All duplicated data are filtered out from the dataset (i.e. examples of proteins with identical zinc fingers and identical corresponding DNA sequences). In rare cases where the same protein–DNA pair is reported as a positive and, alternatively, a negative binding example, the negative data are excluded from the database as having lower confidence.

Each example is converted to the vector representation. For the linear SVM, all examples are considered at the per-protein level (i.e. including contacts from all fingers).

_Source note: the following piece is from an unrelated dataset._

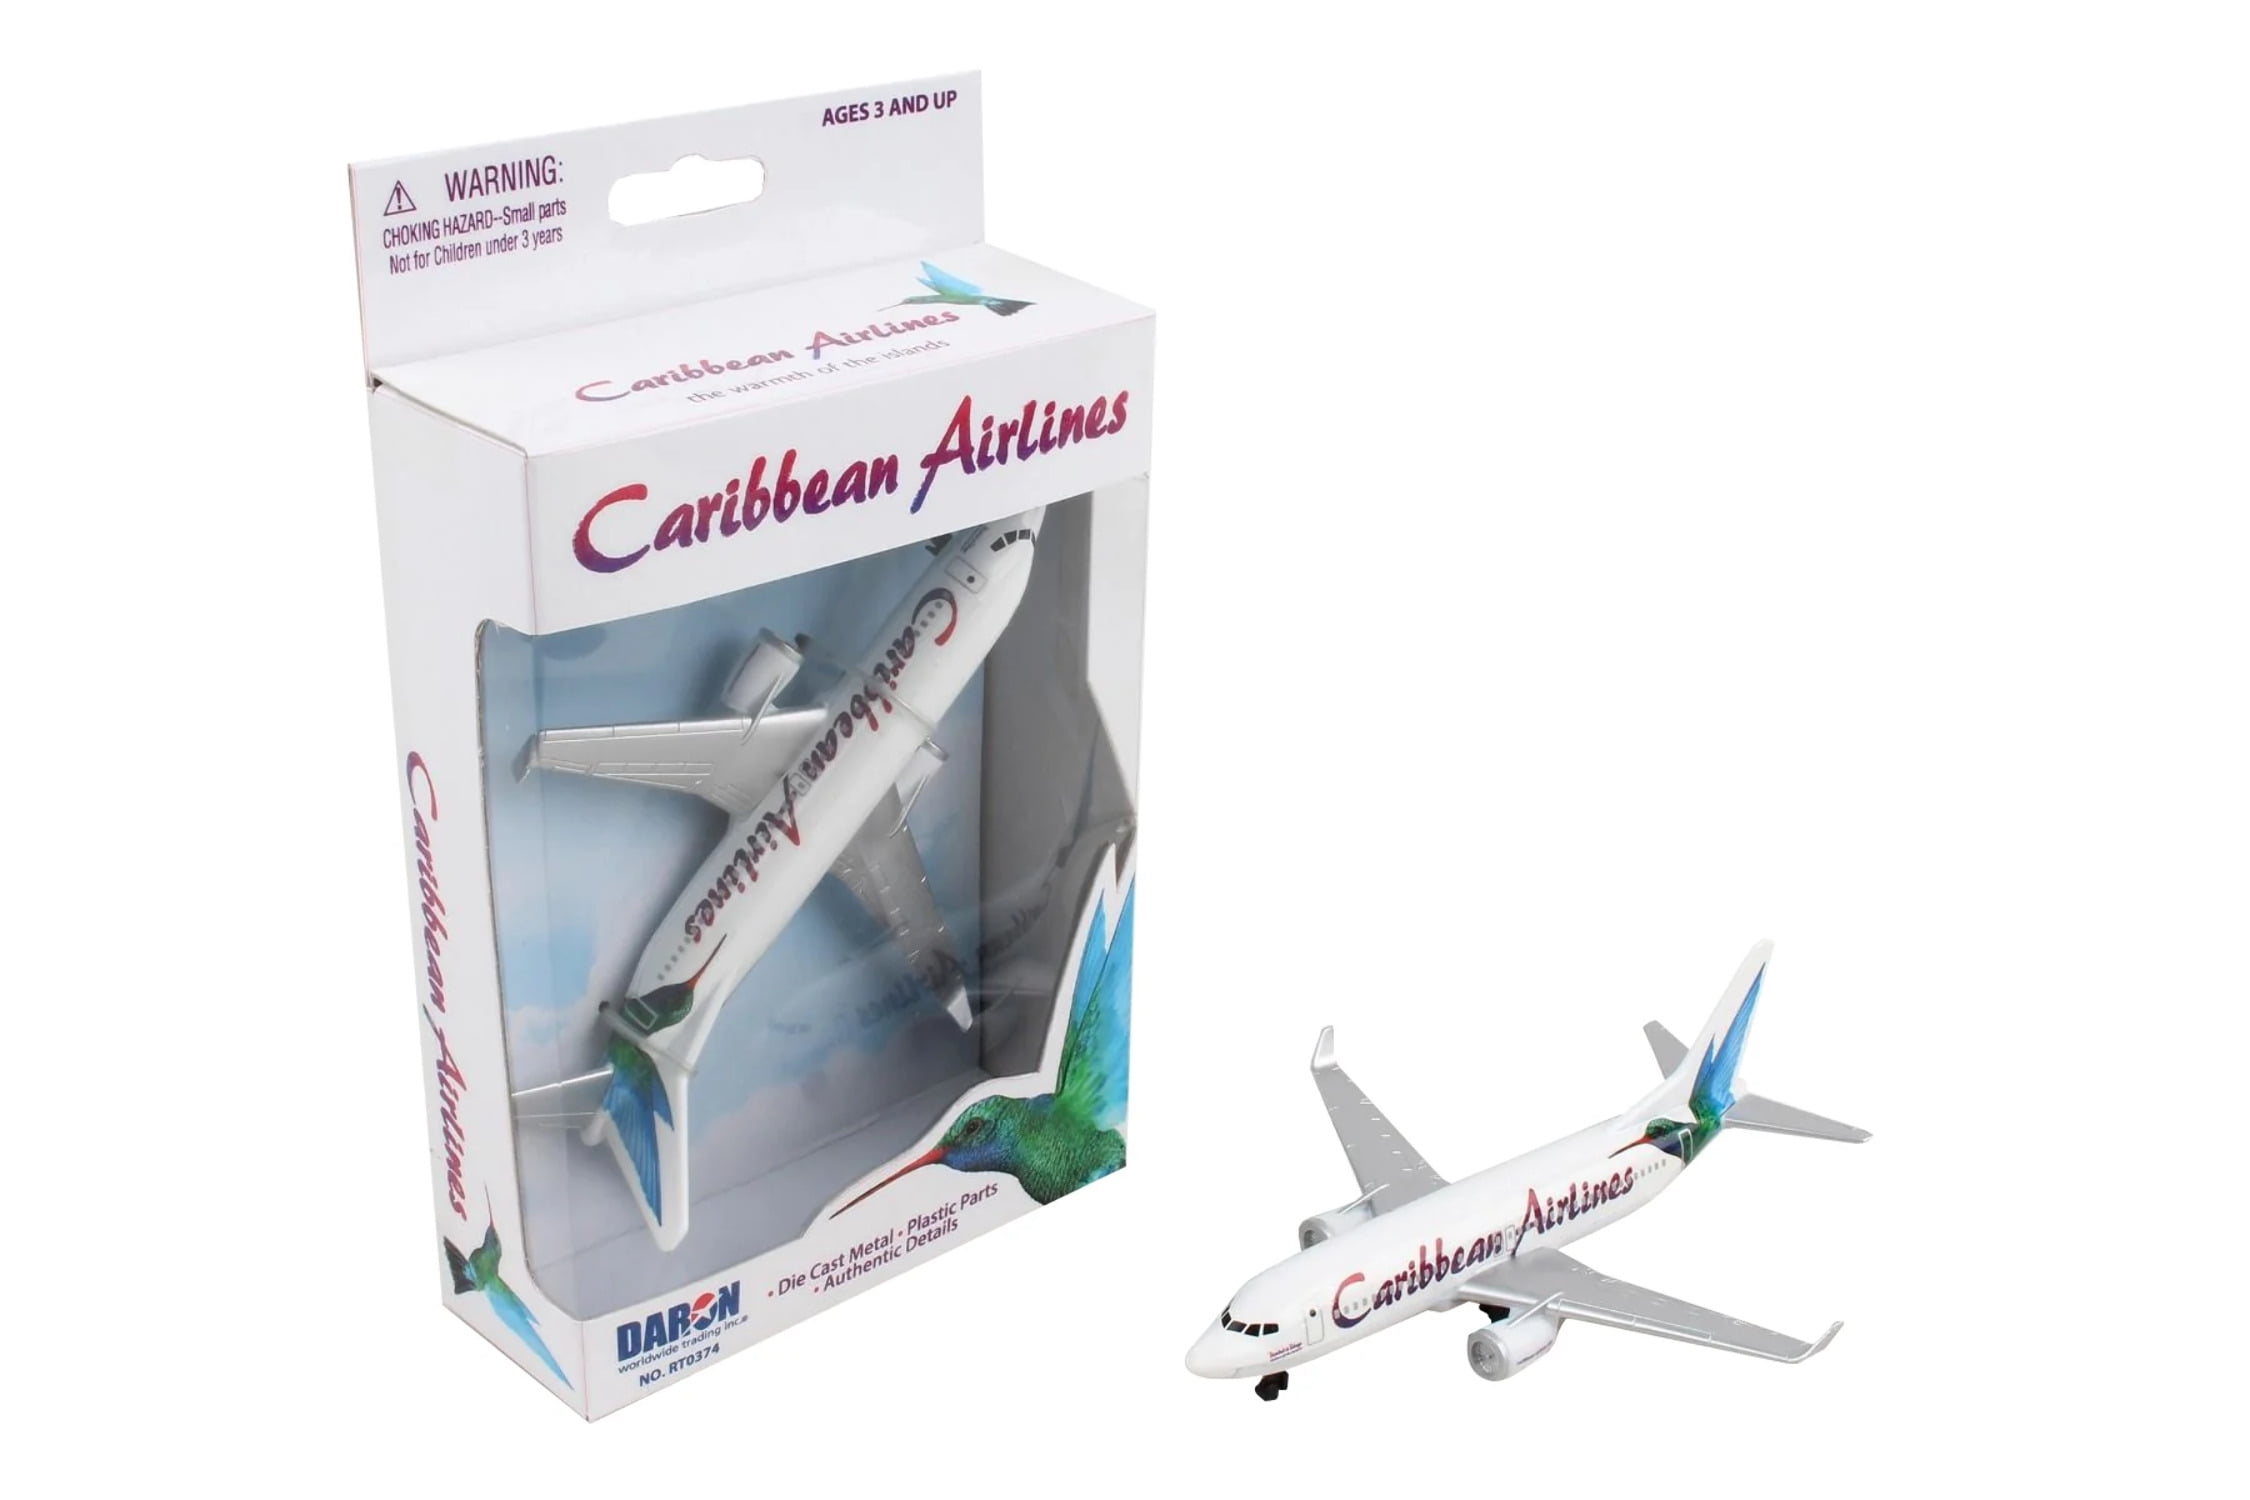 Rt0374 Caribbean Airlines Airliner Single Model Plane

For the polynomial SVM, in order to limit the pairwise interactions to contacts within individual zinc fingers (i.e. so that they are physically realizable), individual examples are created separately for each finger in an interface for training the SVM (i.e. there are at most four non-zero entries in these vectors). For training, the vectors are normalized using the Euclidean norm. For all methods, testing is performed at the protein level by summing over the contributions of all fingers, with no normalization.

2.3.3 Software

SVM-light version 6.01 (Joachims, 1999) is used to train the SVMs. For all experiments, the regularization parameter C is automatically chosen by SVM-light. When training on the entire dataset, SVM-light uses C=0.84 with the linear kernel and learns 3170 support vectors, and uses C=0.33 with the polynomial kernel and learns 1865 support vectors.

2.4 Testing scenarios

To evaluate the binding model and to compare the SVMs with other prediction methods, we split our dataset into several types of training and testing subsets, each time ensuring that there is no overlap between testing and training data at the per-protein level (i.e. no protein sequence is used as an example in both testing and training sets). We use three types of cross-validation testing. We also test all methods using alternative data extracted from the TRANSFAC database.

2.4.1 New/old validation

We performed this cross-validation to mimic the situation of ‘old’ and ‘newly appearing’ data. In this test, we split the data into two sets, based on whether they were published in papers appearing before 2003 or in 2003 and afterwards. Any protein in the test set that occurs in the ‘old proteins’ dataset is removed from the testing set. The test set consists of 135 positive and 1357 negative examples (no comparative data are used for testing).

2.4.2 Holdout validation

In this test, we randomly select 100 positive and 1000 negative examples from the initial database (to conserve the 1 : 10 positive/negative ratio used in the previous test), and the remaining observations are retained as a training set. All examples involving proteins pulled for the test set are filtered out of the training dataset. To avoid any possible irregularities, this procedure is repeated 1000 times and an averaged ROC curve is created for method.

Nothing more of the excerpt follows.